Task prompt
Your copy should repeat the data that follows exactly and contain no image.

Data block
::::::::::
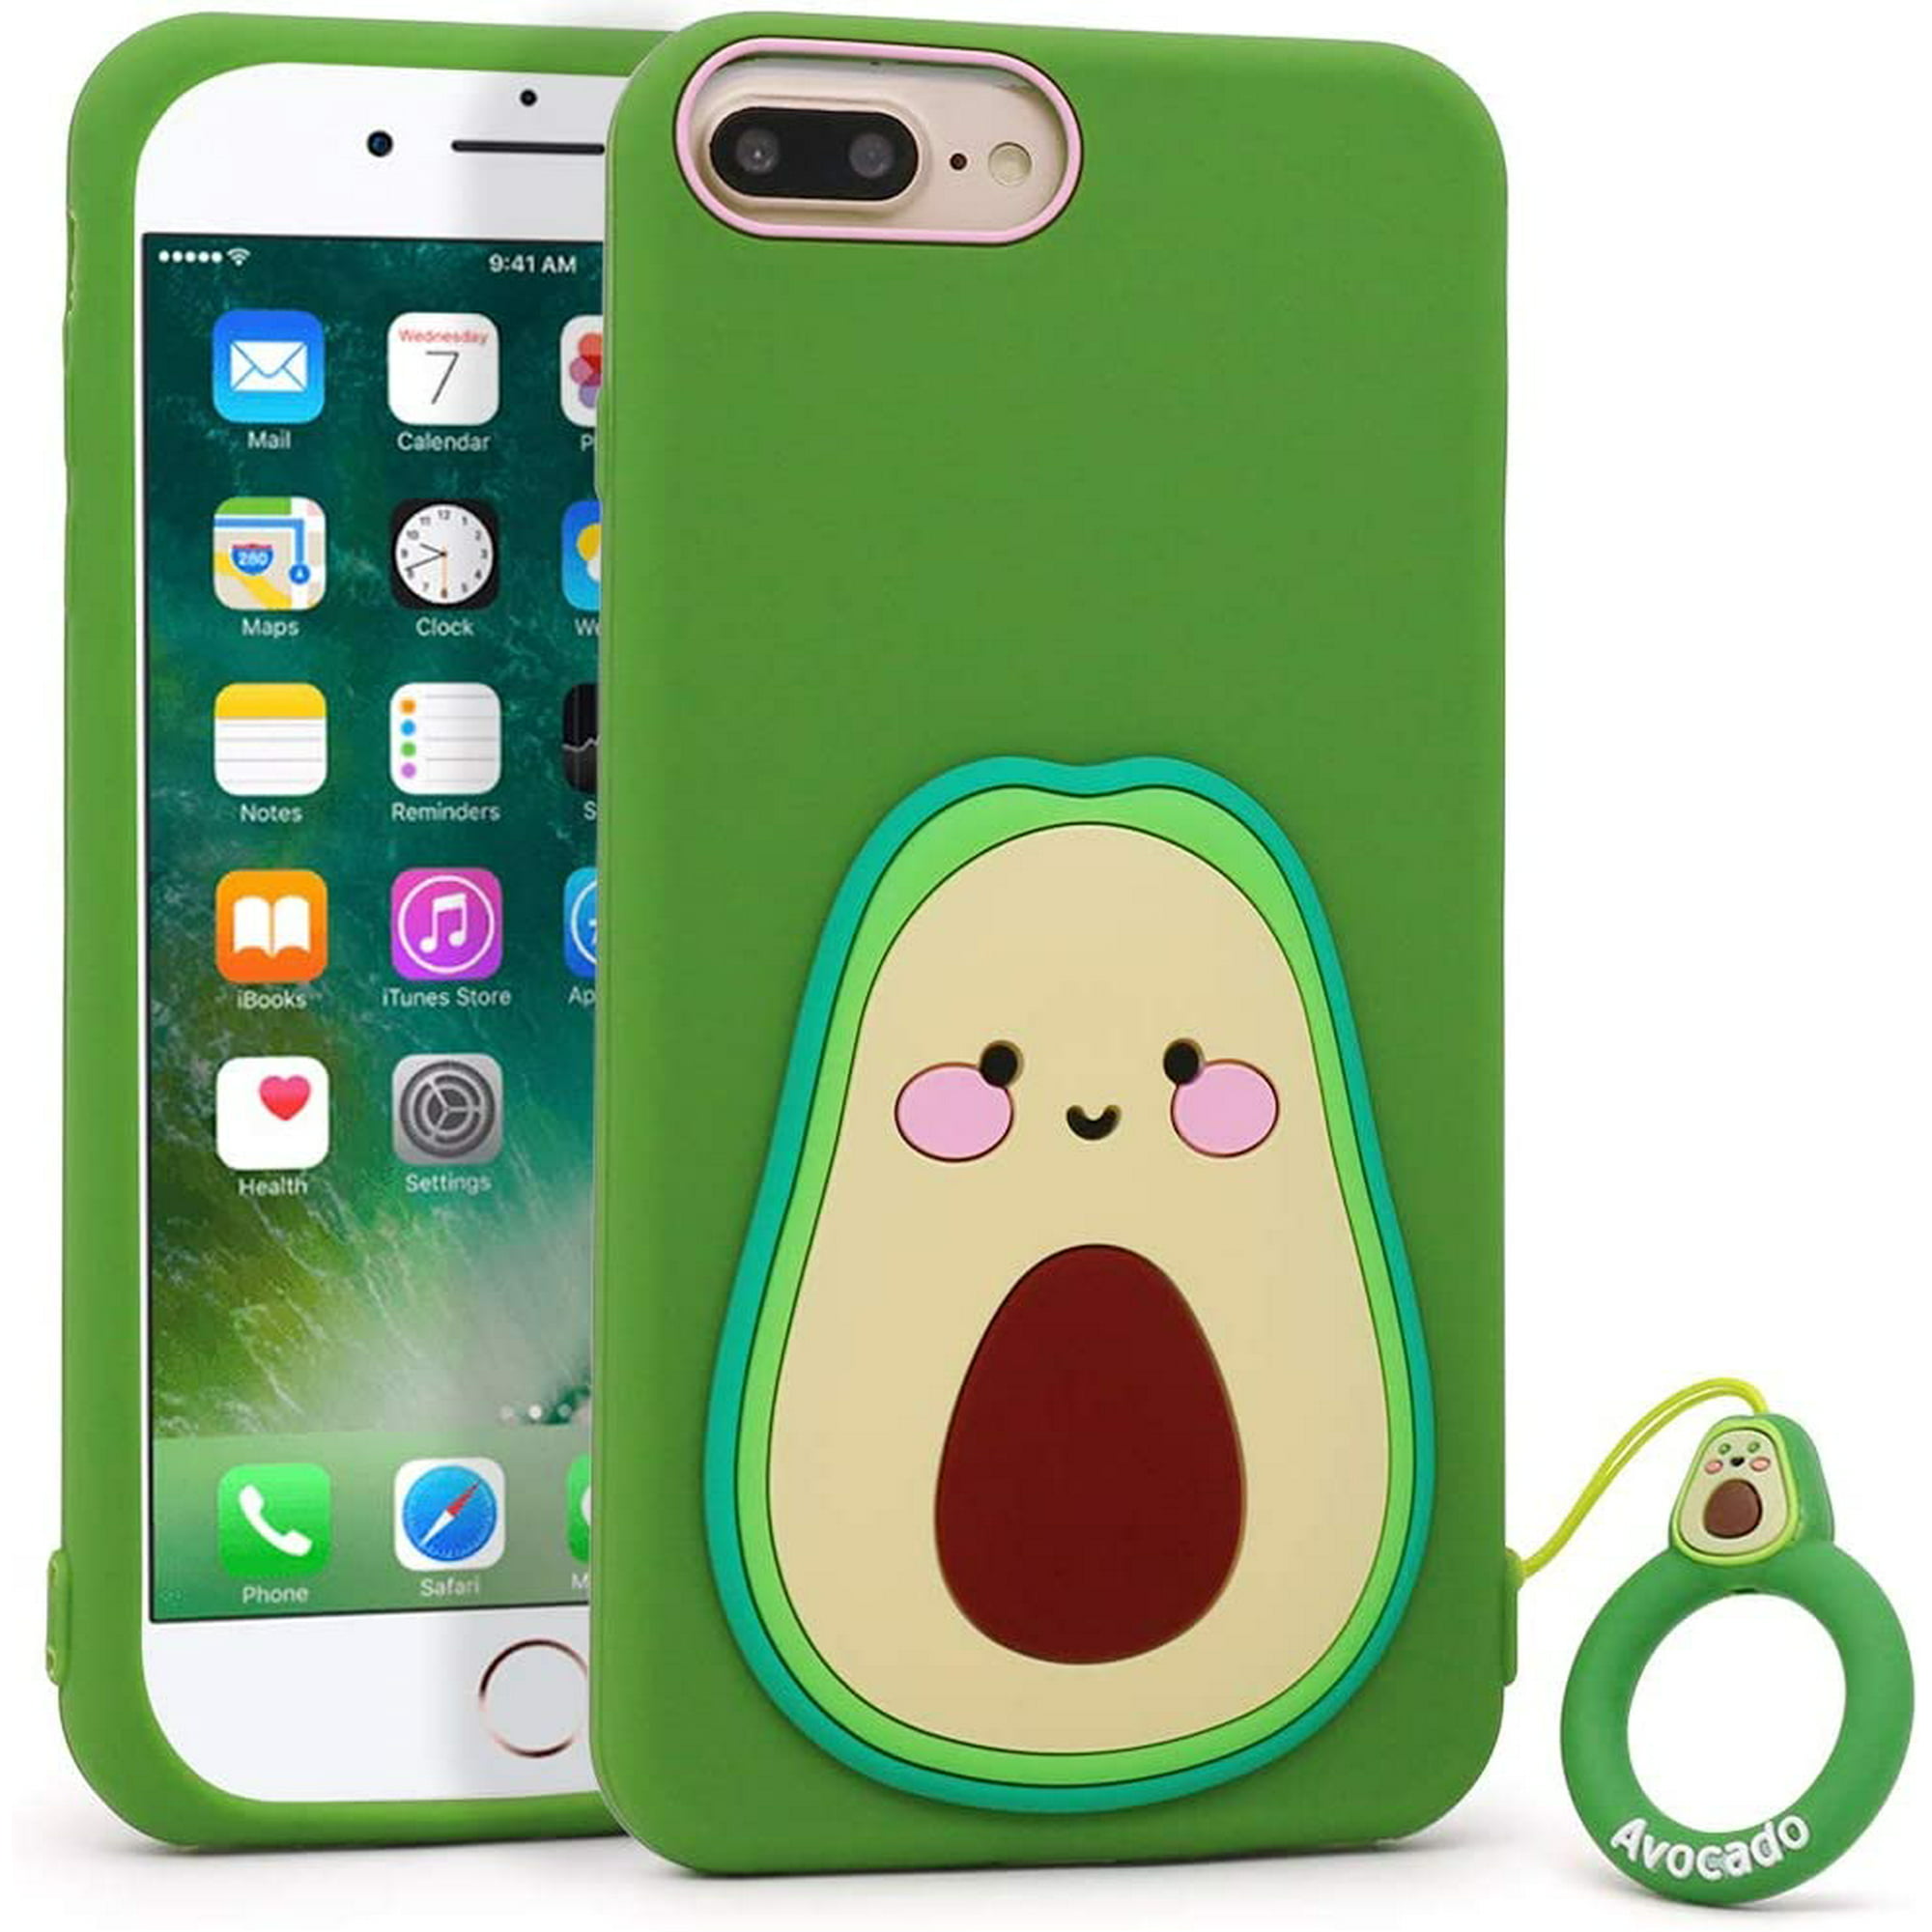 AIMTYD Cute iPhone 7 Plus Case, iPhone 8 Plus Case, Funny 3D Cartoon Fruit  Avocado Shaped Soft Silicone Shockproof Back Case Cover with Keychain for  iPhone 7 Plus/iPhone 8 Plus (
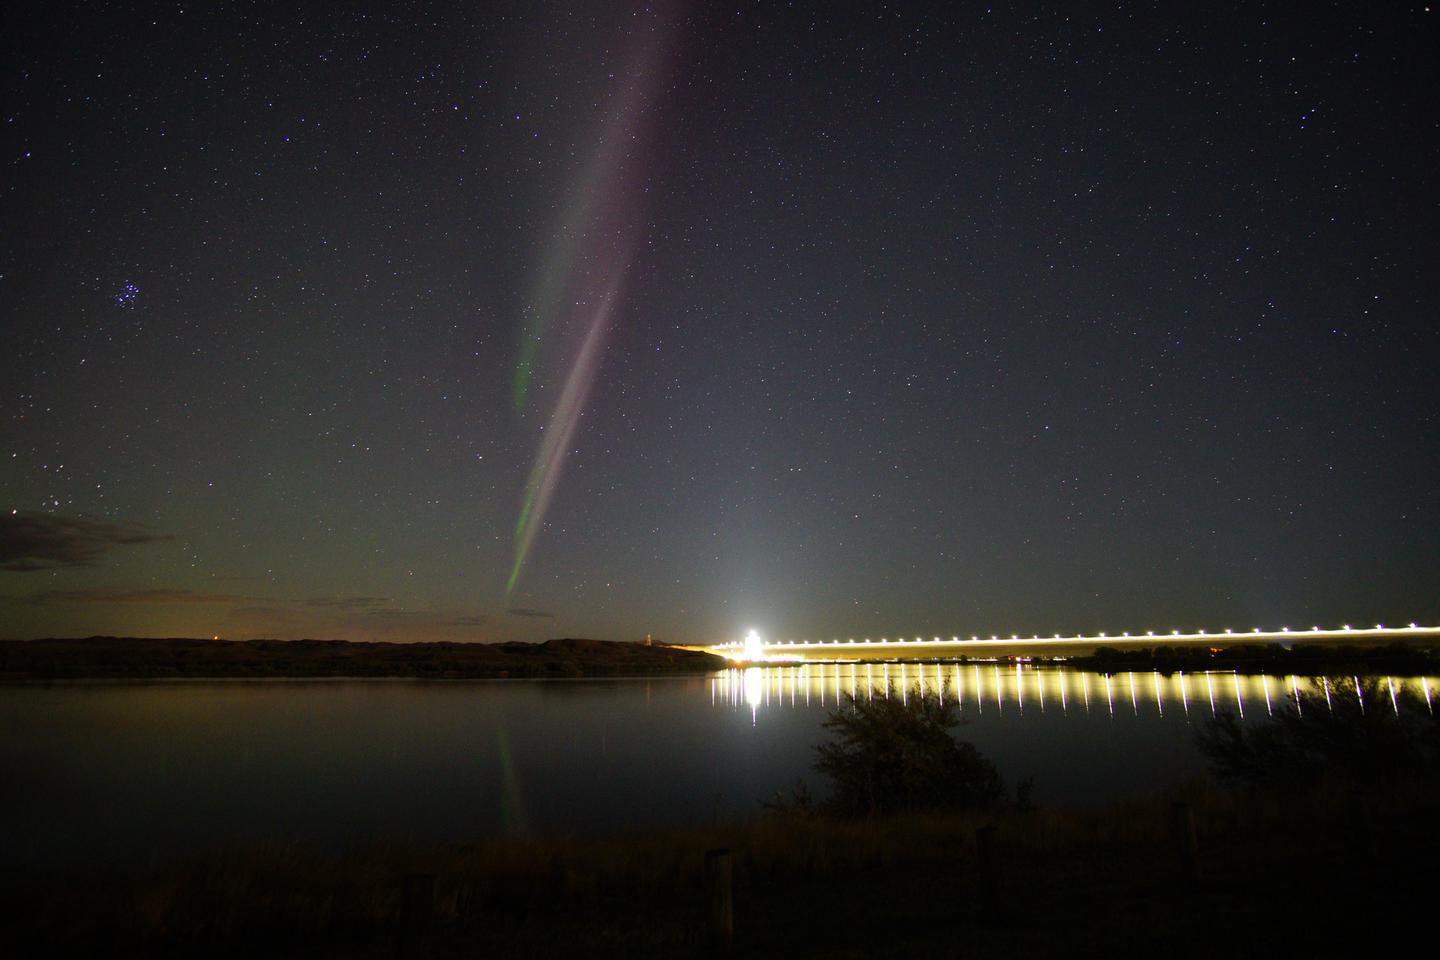 Aurora one evening over the Missouri RiverFort Peck is a great place to view the night sky, we even see the aurora!
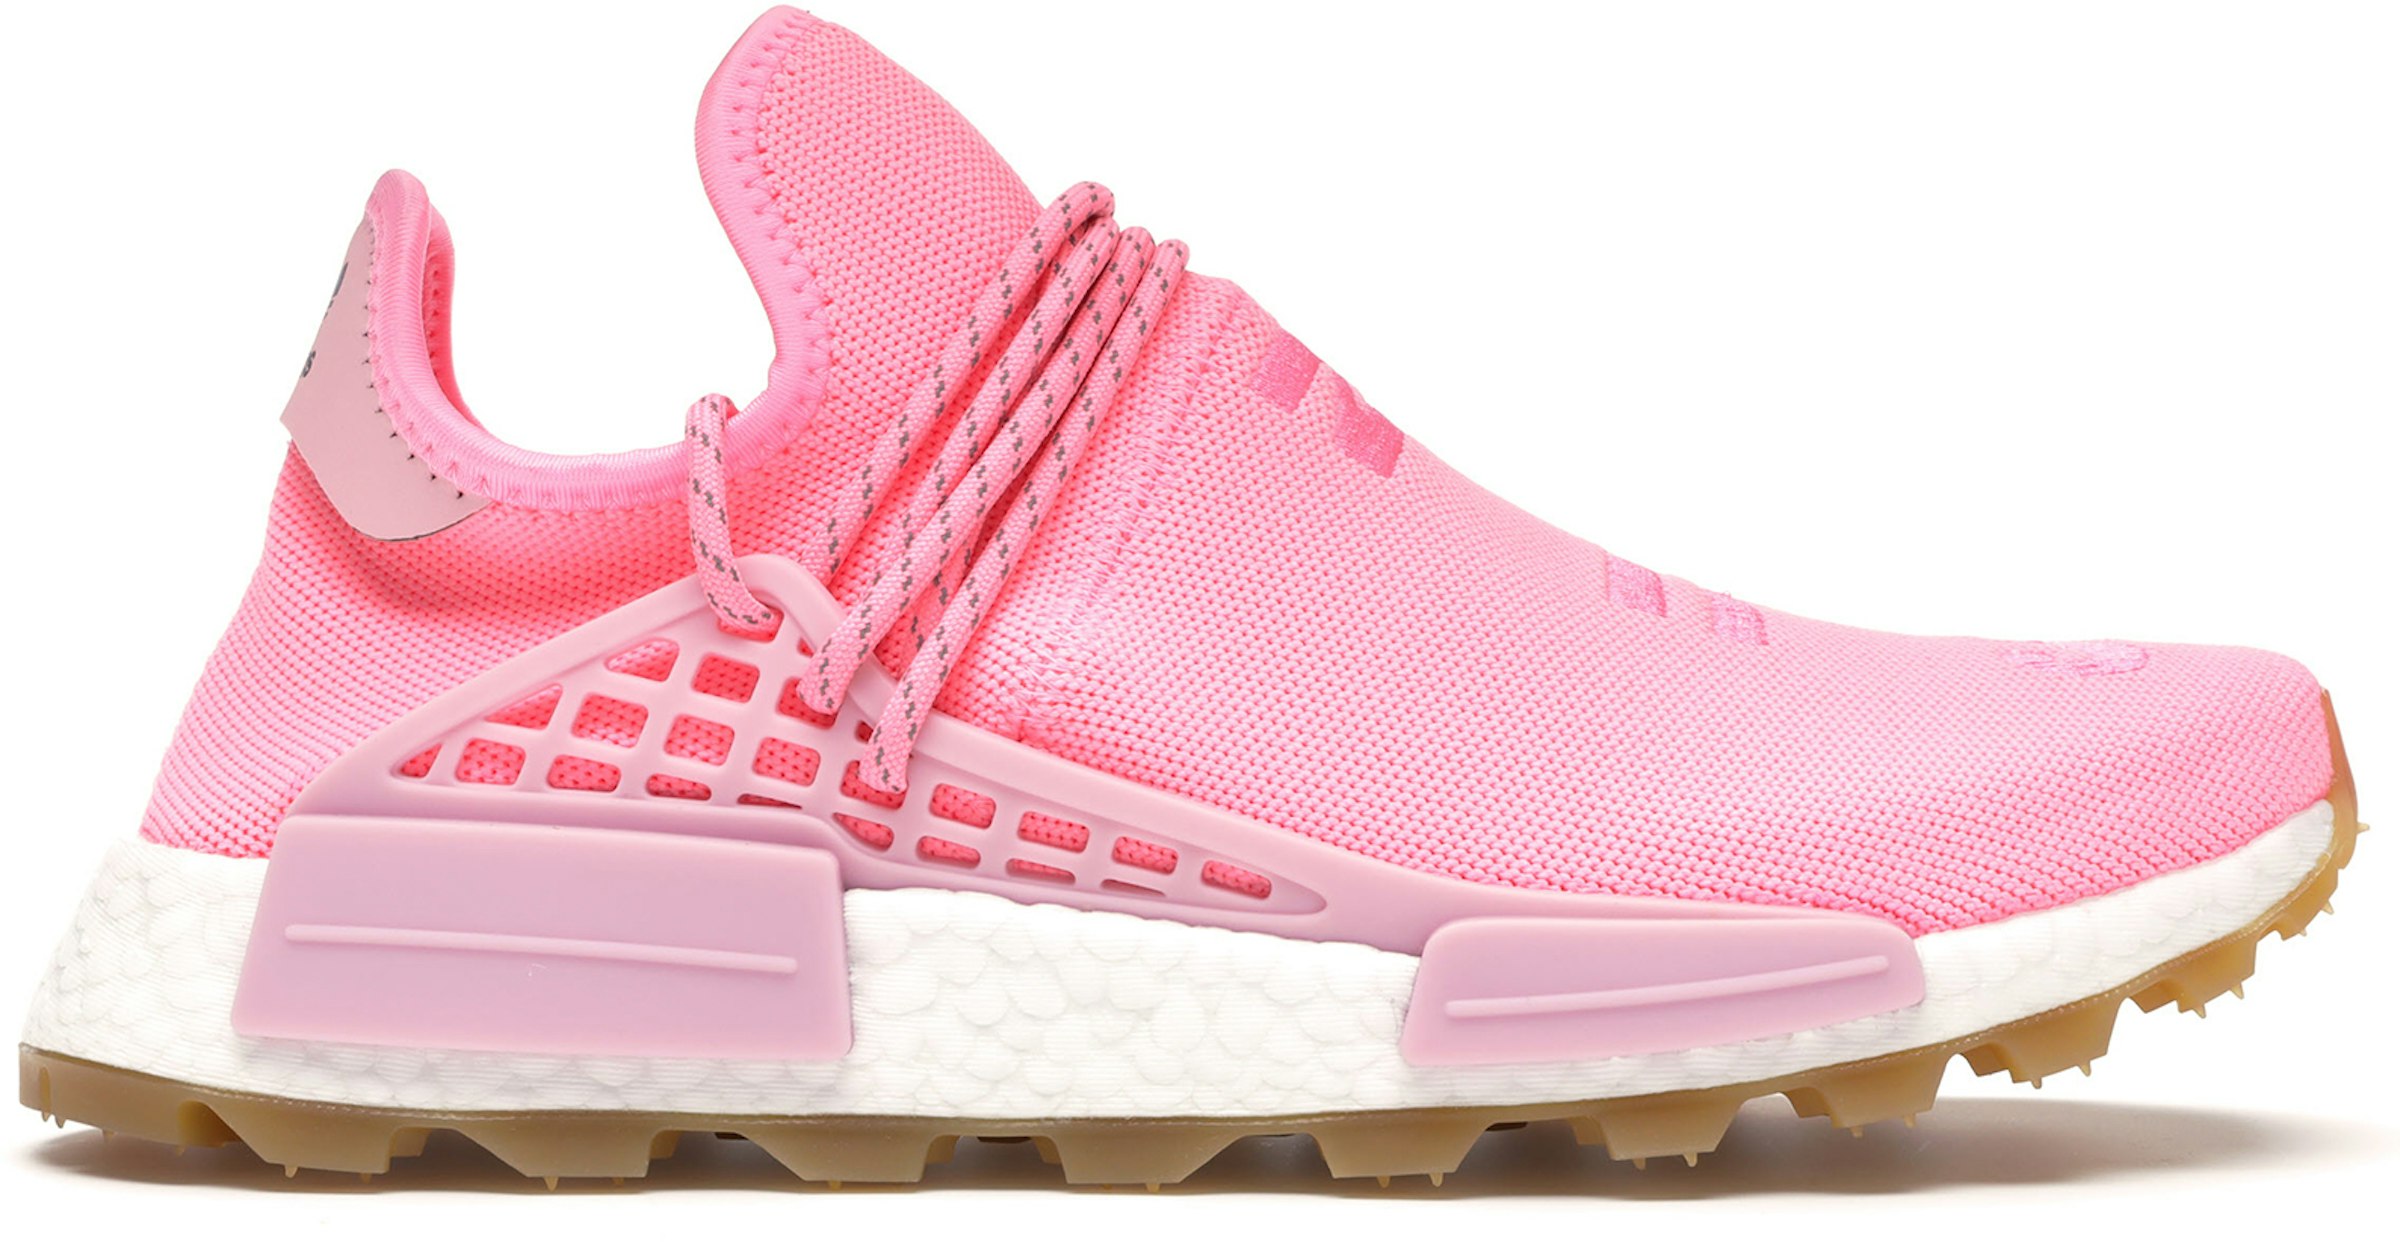 adidas NMD Trail Pharrell Now Her Time Light Pink - EG7740 - US
::::::::::
Answer box
 AIMTYD Cute iPhone 7 Plus Case, iPhone 8 Plus Case, Funny 3D Cartoon Fruit  Avocado Shaped Soft Silicone Shockproof Back Case Cover with Keychain for  iPhone 7 Plus/iPhone 8 Plus (
 Aurora one evening over the Missouri RiverFort Peck is a great place to view the night sky, we even see the aurora!
 adidas NMD Trail Pharrell Now Her Time Light Pink - EG7740 - US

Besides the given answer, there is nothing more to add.